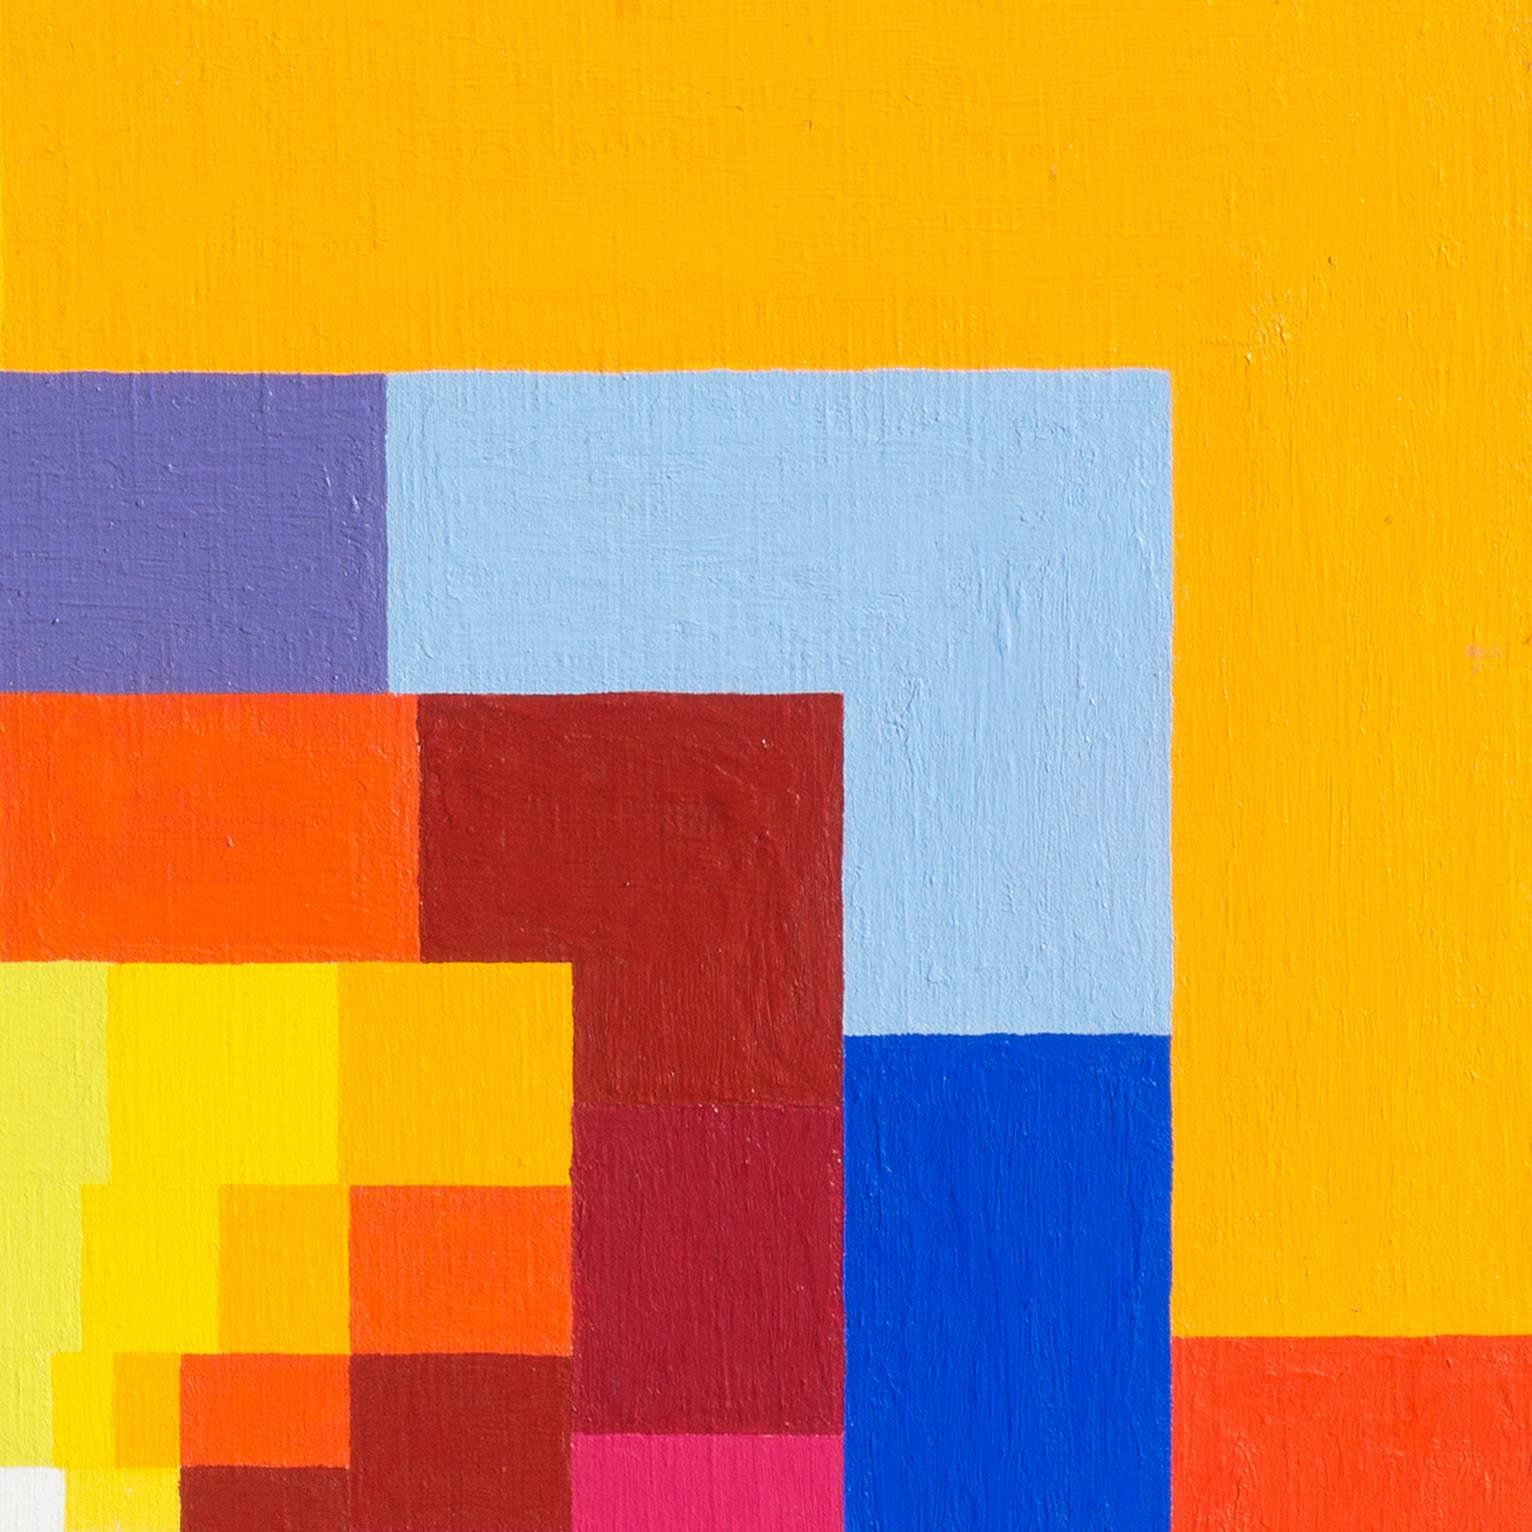 Ein bedeutendes abstraktes Ölgemälde der Amerikanischen Schule mit konzentrischen rechteckigen Formen in einer Palette von Primär- und Sekundärfarben, die sich in geometrischer Harmonie zu einem elfenbeinfarbenen Zentrum entwickeln.  

Unsigniert
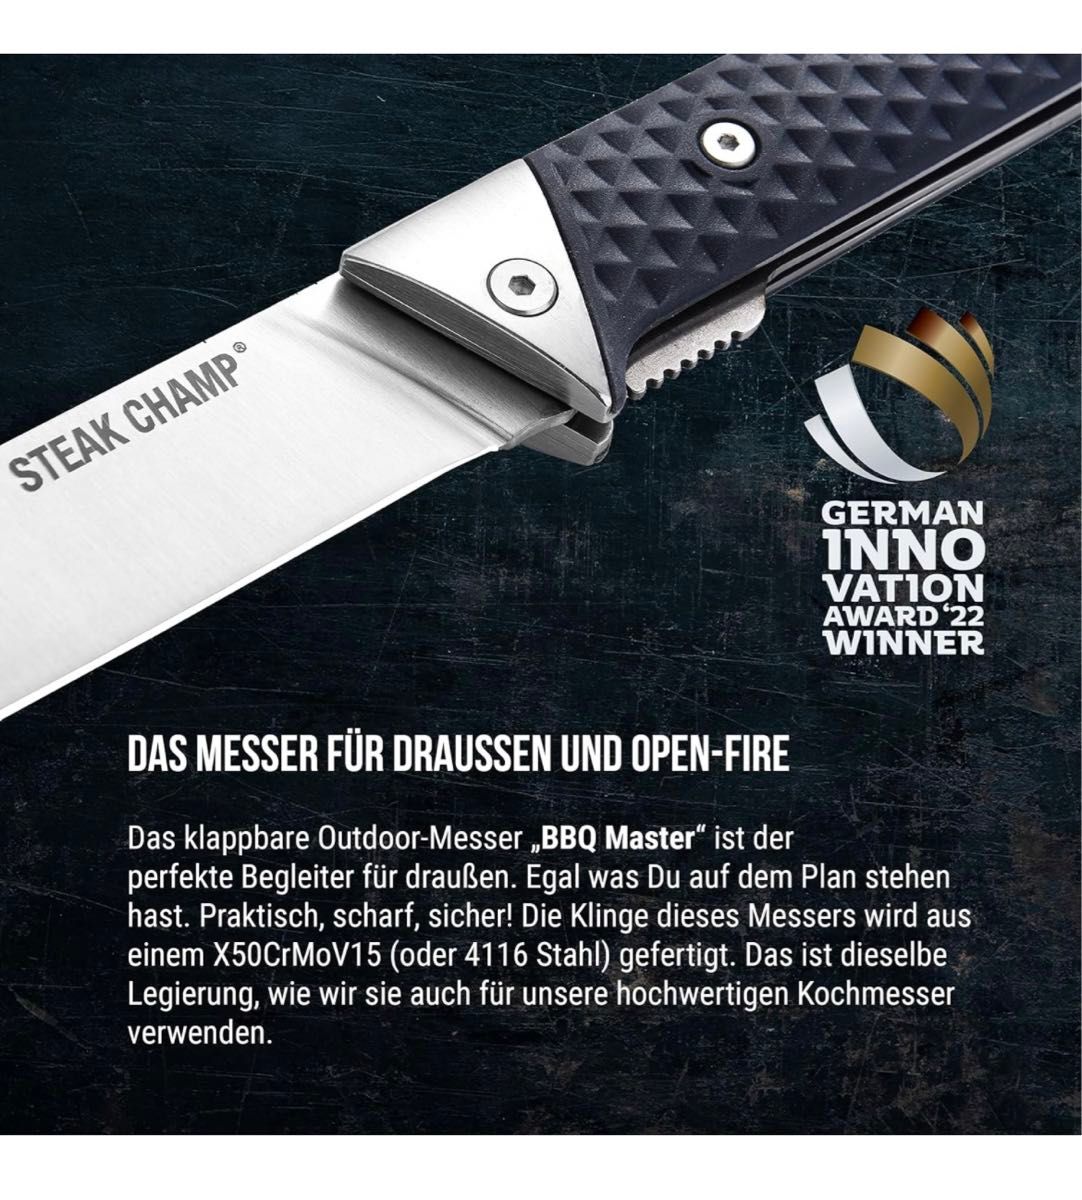 Steakchamp アウトドアフォールディングナイフ "BBQ MASTER" 折りたたみ式アウトドアナイフ 4.75インチ刃 
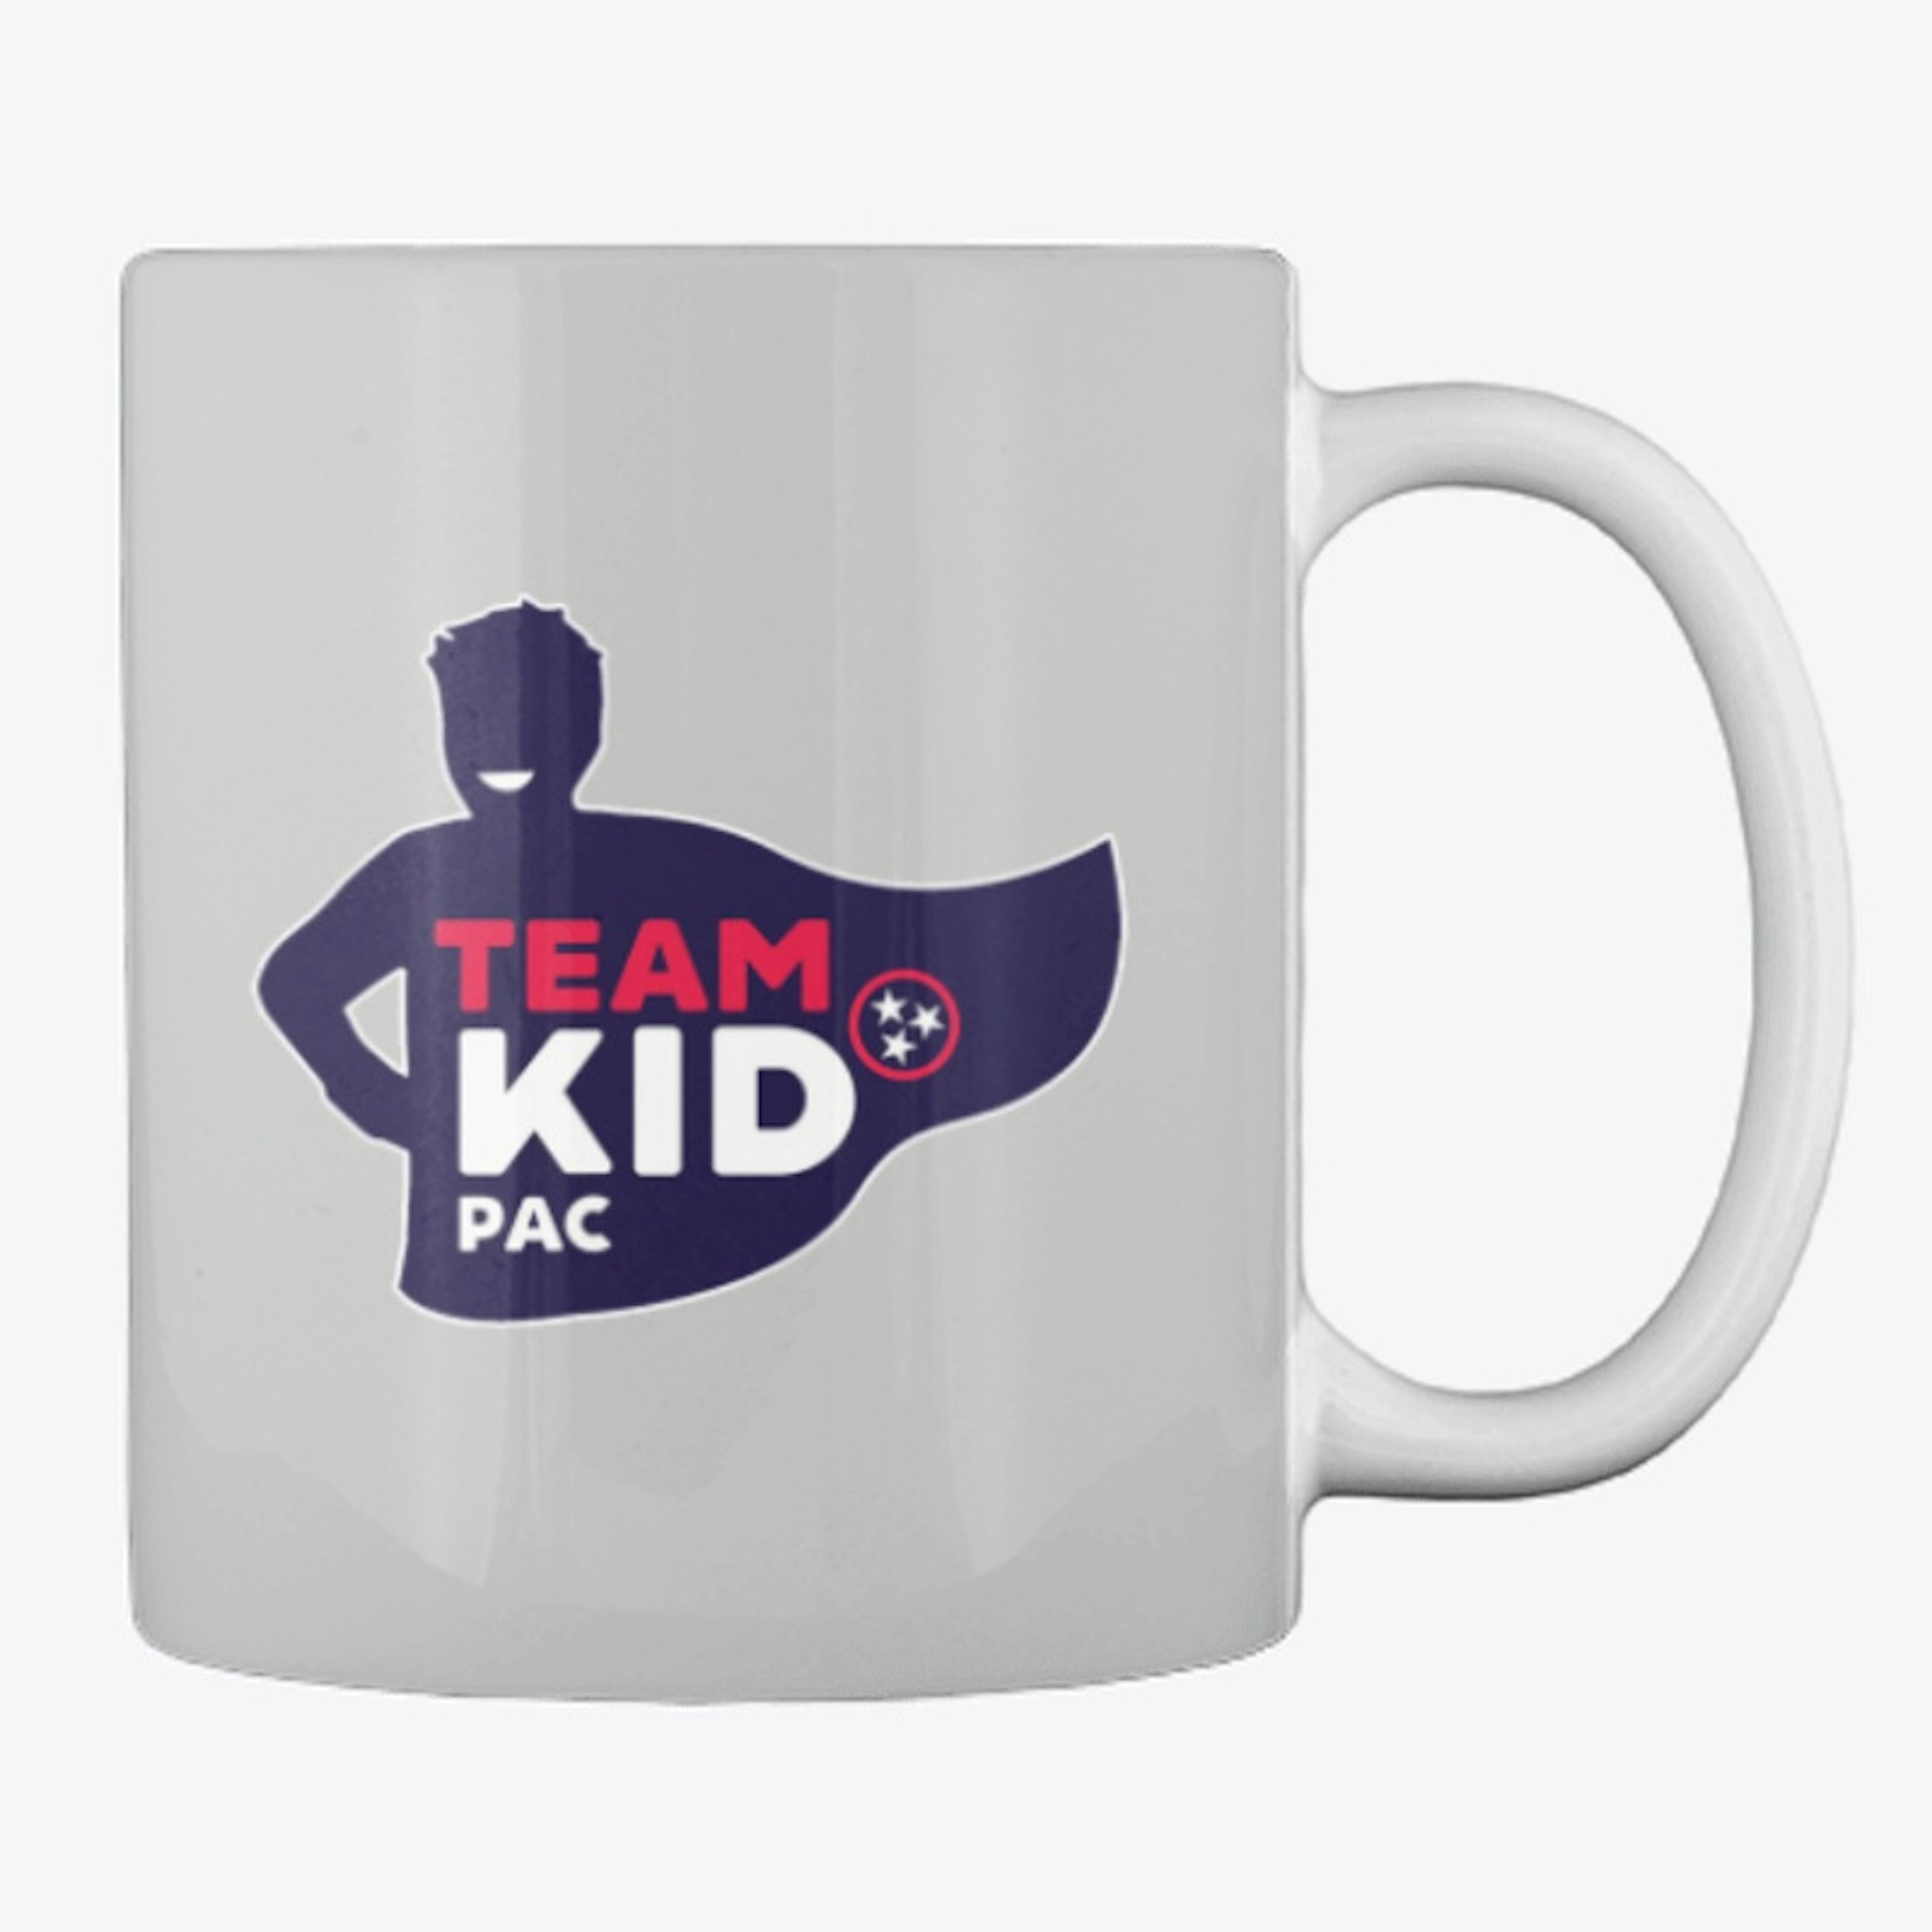 Team Kid PAC Coffee Mug
══════════
## About this task
Would you restate the listing word for word without its pictures?

## Result of this exercise
 Ein bedeutendes abstraktes Ölgemälde der Amerikanischen Schule mit konzentrischen rechteckigen Formen in einer Palette von Primär- und Sekundärfarben, die sich in geometrischer Harmonie zu einem elfenbeinfarbenen Zentrum entwickeln.  

Unsigniert
 Steakchamp アウトドアフォールディングナイフ "BBQ MASTER" 折りたたみ式アウトドアナイフ 4.75インチ刃 
 Team Kid PAC Coffee Mug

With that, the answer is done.